Source code for apache_beam.runners.interactive.recording_manager

#
# Licensed to the Apache Software Foundation (ASF) under one or more
# contributor license agreements.  See the NOTICE file distributed with
# this work for additional information regarding copyright ownership.
# The ASF licenses this file to You under the Apache License, Version 2.0
# (the "License"); you may not use this file except in compliance with
# the License.  You may obtain a copy of the License at
#
#    http://www.apache.org/licenses/LICENSE-2.0
#
# Unless required by applicable law or agreed to in writing, software
# distributed under the License is distributed on an "AS IS" BASIS,
# WITHOUT WARRANTIES OR CONDITIONS OF ANY KIND, either express or implied.
# See the License for the specific language governing permissions and
# limitations under the License.
#

import logging
import threading
import time
import warnings
from typing import Any
from typing import Dict
from typing import List
from typing import Union

import pandas as pd

import apache_beam as beam
from apache_beam.dataframe.frame_base import DeferredBase
from apache_beam.options import pipeline_options
from apache_beam.portability.api import beam_runner_api_pb2
from apache_beam.runners import runner
from apache_beam.runners.interactive import background_caching_job as bcj
from apache_beam.runners.interactive import interactive_environment as ie
from apache_beam.runners.interactive import interactive_runner as ir
from apache_beam.runners.interactive import pipeline_fragment as pf
from apache_beam.runners.interactive import utils
from apache_beam.runners.interactive.caching.cacheable import CacheKey
from apache_beam.runners.interactive.options import capture_control
from apache_beam.runners.runner import PipelineState

_LOGGER = logging.getLogger(__name__)



[docs]
class ElementStream:
  """A stream of elements from a given PCollection."""
  def __init__(
      self,
      pcoll: beam.pvalue.PCollection,
      var: str,
      cache_key: str,
      max_n: int,
      max_duration_secs: float):
    self._pcoll = pcoll
    self._cache_key = cache_key
    self._pipeline = ie.current_env().user_pipeline(pcoll.pipeline)
    self._var = var
    self._n = max_n
    self._duration_secs = max_duration_secs

    # A small state variable that when True, indicates that no more new elements
    # will be yielded if read() is called again.
    self._done = False

  @property
  def var(self) -> str:
    """Returns the variable named that defined this PCollection."""
    return self._var

  @property
  def pcoll(self) -> beam.pvalue.PCollection:
    """Returns the PCollection that supplies this stream with data."""
    return self._pcoll

  @property
  def cache_key(self) -> str:
    """Returns the cache key for this stream."""
    return self._cache_key


[docs]
  def display_id(self, suffix: str) -> str:
    """Returns a unique id able to be displayed in a web browser."""
    return utils.obfuscate(self._cache_key, suffix)



[docs]
  def is_computed(self) -> bool:
    # noqa: F821

    """Returns True if no more elements will be recorded."""
    return self._pcoll in ie.current_env().computed_pcollections



[docs]
  def is_done(self) -> bool:
    # noqa: F821

    """Returns True if no more new elements will be yielded."""
    return self._done



[docs]
  def read(self, tail: bool = True) -> Any:
    """Reads the elements currently recorded."""

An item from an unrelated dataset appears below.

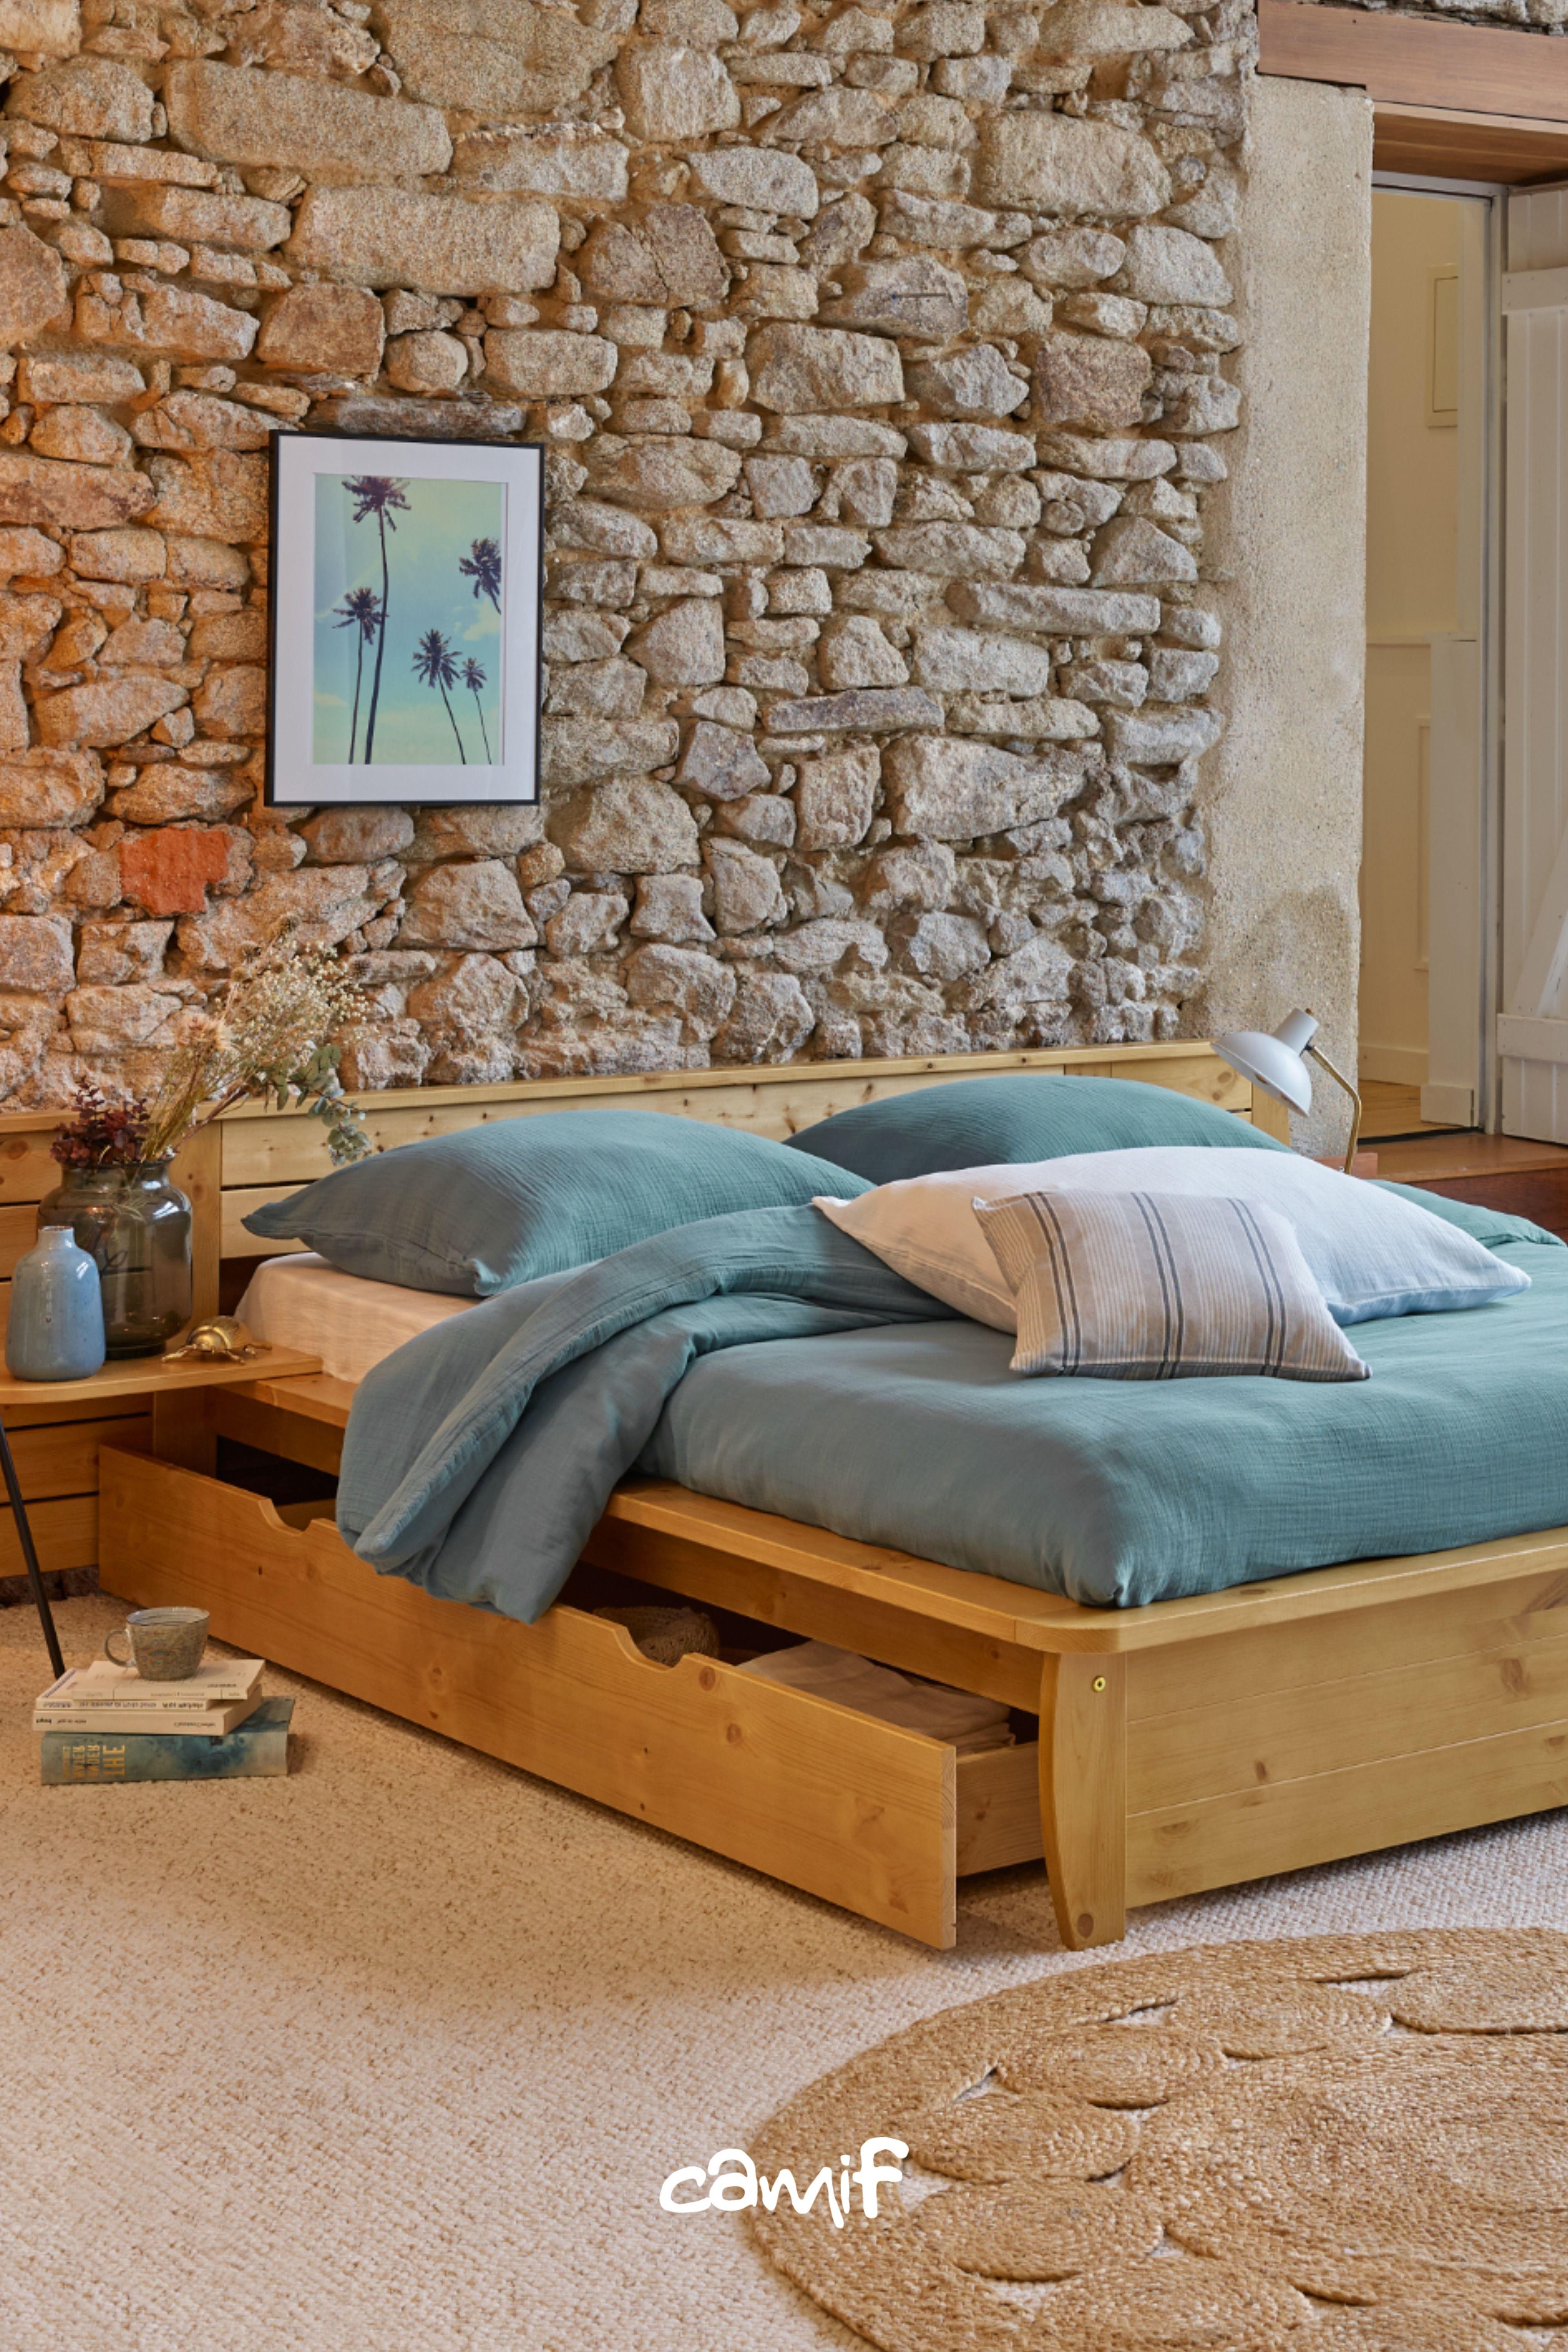 camif lit bois avec rangement lit complet lit decoration maison

    # Get the cache manager and wait until the file exists.
    cache_manager = ie.current_env().get_cache_manager(self._pipeline)

    # Retrieve the coder for the particular PCollection which will be used to
    # decode elements read from cache.
    coder = cache_manager.load_pcoder('full', self._cache_key)

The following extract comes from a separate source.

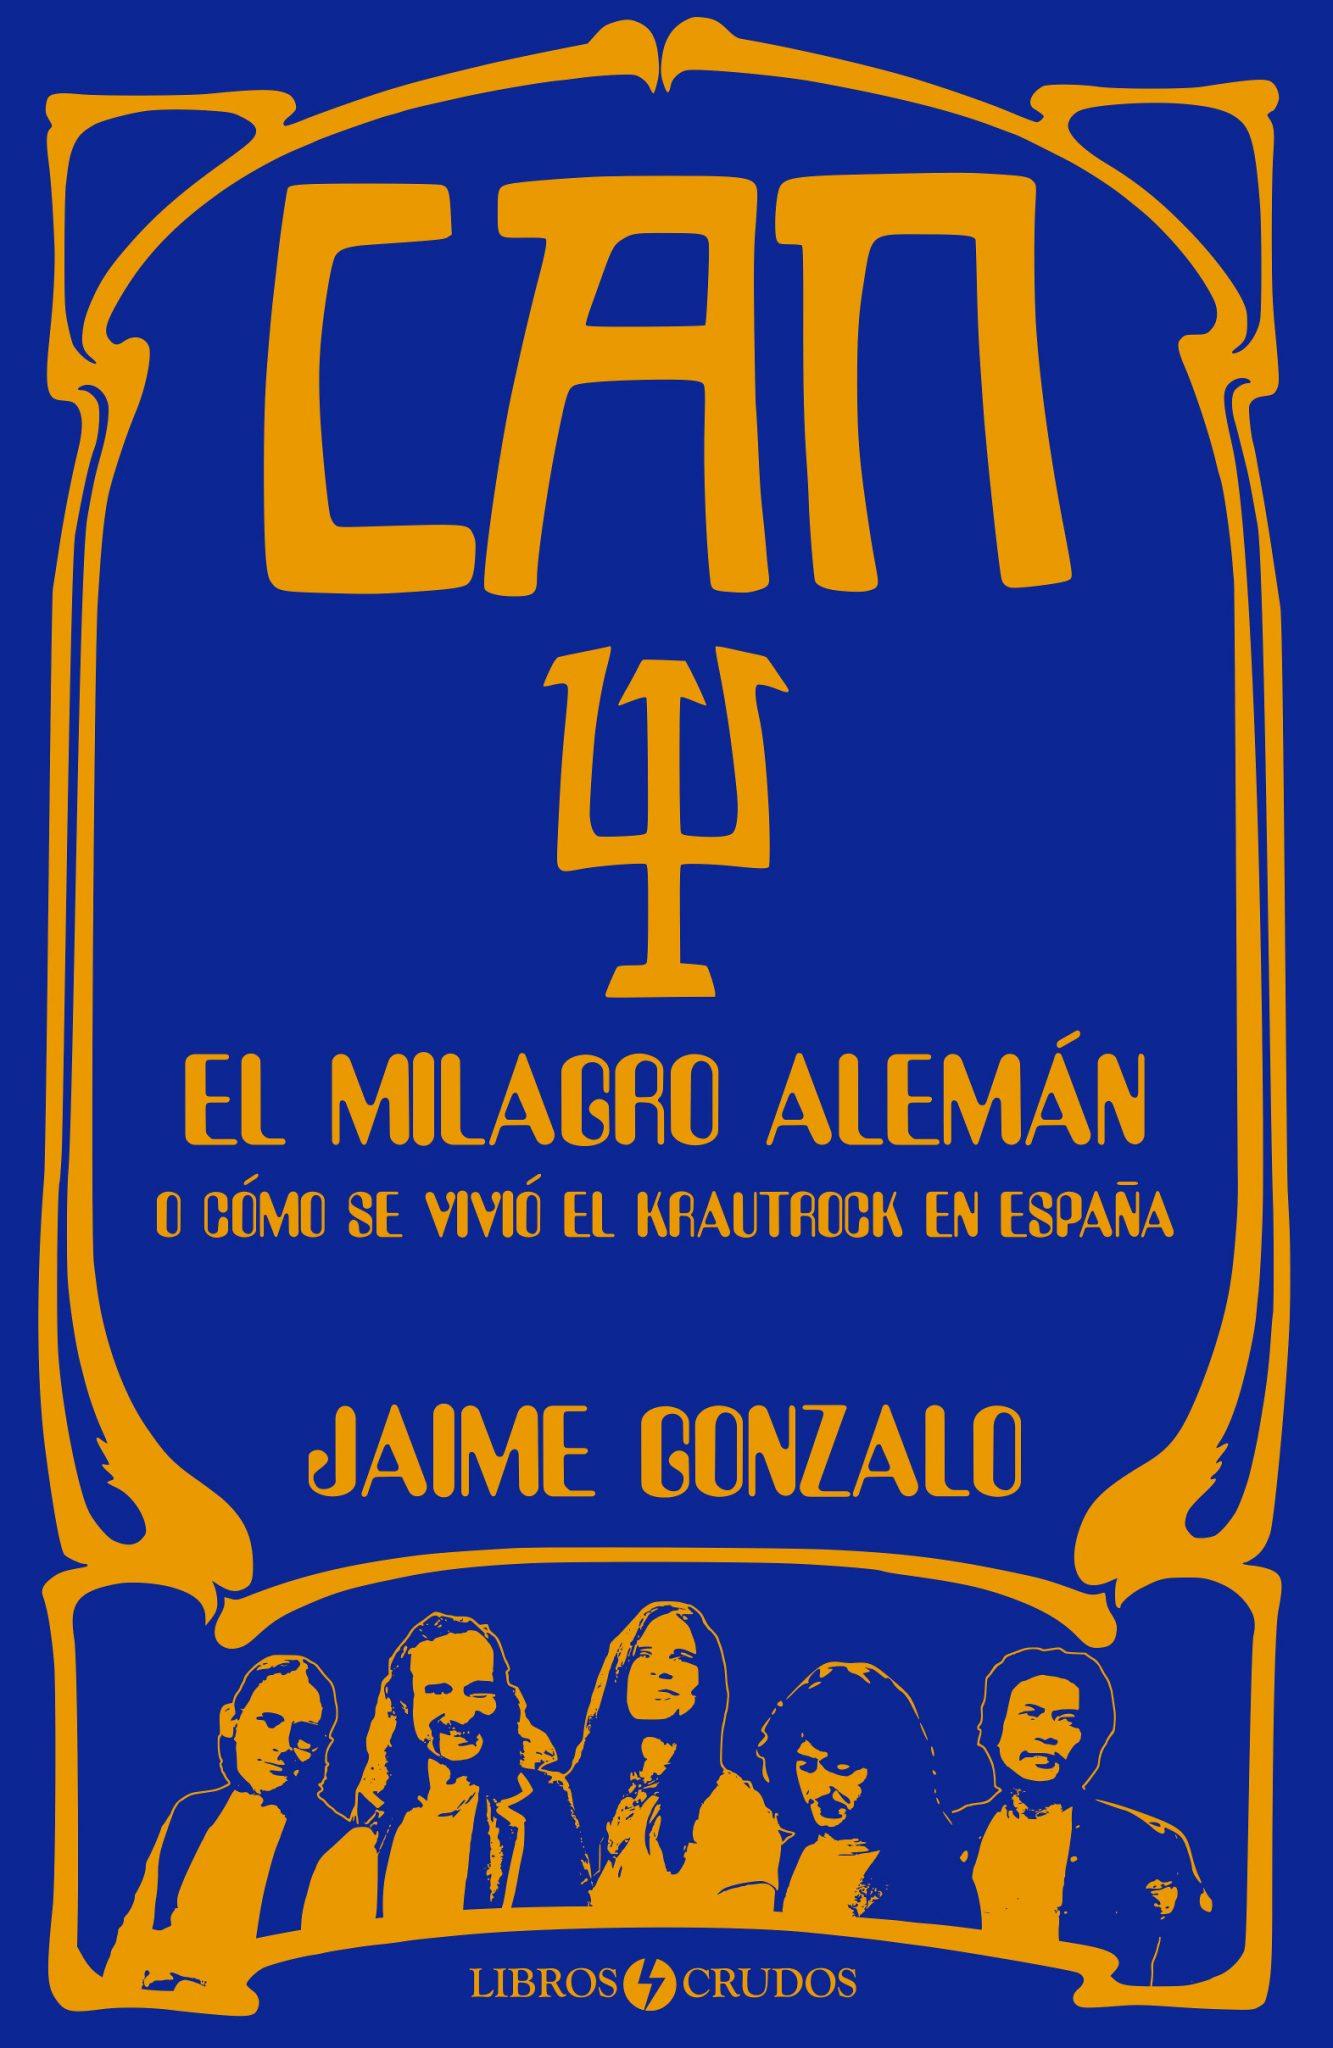 Jaime Gonzalo - Can: El milagro alemán

    # Read the elements from the cache.
    # Import limiters here to prevent a circular import.
    from apache_beam.runners.interactive.options.capture_limiters import CountLimiter
    from apache_beam.runners.interactive.options.capture_limiters import ProcessingTimeLimiter
    reader, _ = cache_manager.read('full', self._cache_key, tail=tail)

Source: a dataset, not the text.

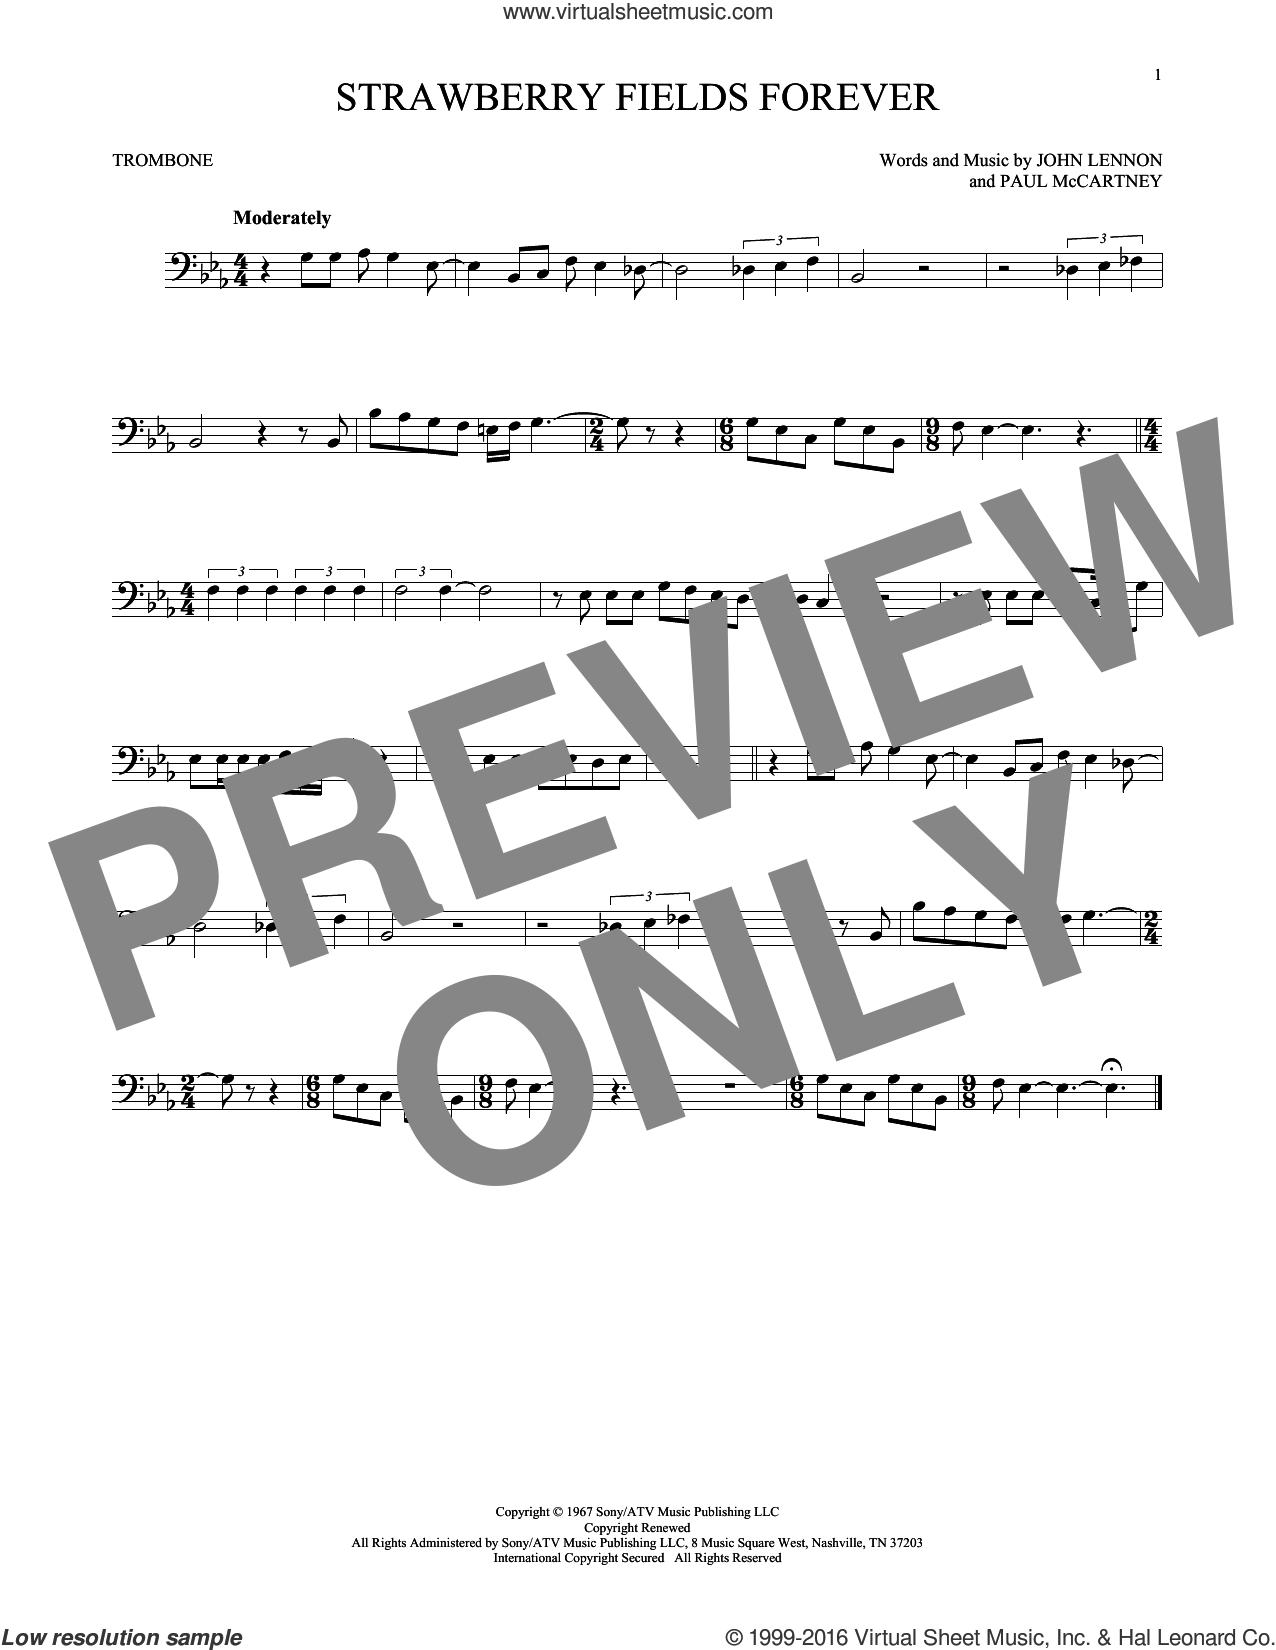 Strawberry Fields Forever sheet music for trombone solo by The Beatles, John Lennon and Paul McCartney, intermediate skill level

    # Because a single TestStreamFileRecord can yield multiple elements, we
    # limit the count again here in the to_element_list call.
    #
    # There are two ways of exiting this loop either a limiter was triggered or
    # all elements from the cache were read. In the latter situation, it may be
    # the case that the pipeline was still running. Thus, another invocation of
    # `read` will yield new elements.
    count_limiter = CountLimiter(self._n)
    time_limiter = ProcessingTimeLimiter(self._duration_secs)
    limiters = (count_limiter, time_limiter)
    for e in utils.to_element_list(reader,
                                   coder,
                                   include_window_info=True,
                                   n=self._n,
                                   include_time_events=True):

      # From the to_element_list we either get TestStreamPayload.Events if
      # include_time_events or decoded elements from the reader. Make sure we
      # only count the decoded elements to break early.
      if isinstance(e, beam_runner_api_pb2.TestStreamPayload.Event):
        time_limiter.update(e)
      else:
        count_limiter.update(e)
        yield e

      if any(l.is_triggered() for l in limiters):
        break

    # A limiter being triggered means that we have fulfilled the user's request.
    # This implies that reading from the cache again won't yield any new
    # elements. WLOG, this applies to the user pipeline being terminated.
    if any(l.is_triggered()
           for l in limiters) or ie.current_env().is_terminated(self._pipeline):
      self._done = True





[docs]
class Recording:
  """A group of PCollections from a given pipeline run."""
  def __init__(
      self,
      user_pipeline: beam.Pipeline,
      pcolls: List[beam.pvalue.PCollection],  # noqa: F821
      result: 'beam.runner.PipelineResult',
      max_n: int,
      max_duration_secs: float,
  ):
    self._user_pipeline = user_pipeline
    self._result = result
    self._result_lock = threading.Lock()
    self._pcolls = pcolls
    pcoll_var = lambda pcoll: {
        v: k
        for k, v in utils.pcoll_by_name().items()
    }.get(pcoll, None)

    self._streams = {
        pcoll: ElementStream(
            pcoll,
            pcoll_var(pcoll),
            CacheKey.from_pcoll(pcoll_var(pcoll), pcoll).to_str(),
            max_n,
            max_duration_secs)
        for pcoll in pcolls
    }

    self._start = time.time()
    self._duration_secs = max_duration_secs
    self._set_computed = bcj.is_cache_complete(str(id(user_pipeline)))

    # Run a separate thread for marking the PCollections done. This is because
    # the pipeline run may be asynchronous.
    self._mark_computed = threading.Thread(target=self._mark_all_computed)
    self._mark_computed.daemon = True
    self._mark_computed.start()

  def _mark_all_computed(self) -> None:
    """Marks all the PCollections upon a successful pipeline run."""
    if not self._result:
      return

    while not PipelineState.is_terminal(self._result.state):
      with self._result_lock:
        bcj = ie.current_env().get_background_caching_job(self._user_pipeline)
        if bcj and bcj.is_done():
          self._result.wait_until_finish()

        elif time.time() - self._start >= self._duration_secs:
          self._result.cancel()
          self._result.wait_until_finish()

        elif all(s.is_done() for s in self._streams.values()):
          self._result.cancel()
          self._result.wait_until_finish()

      time.sleep(0.1)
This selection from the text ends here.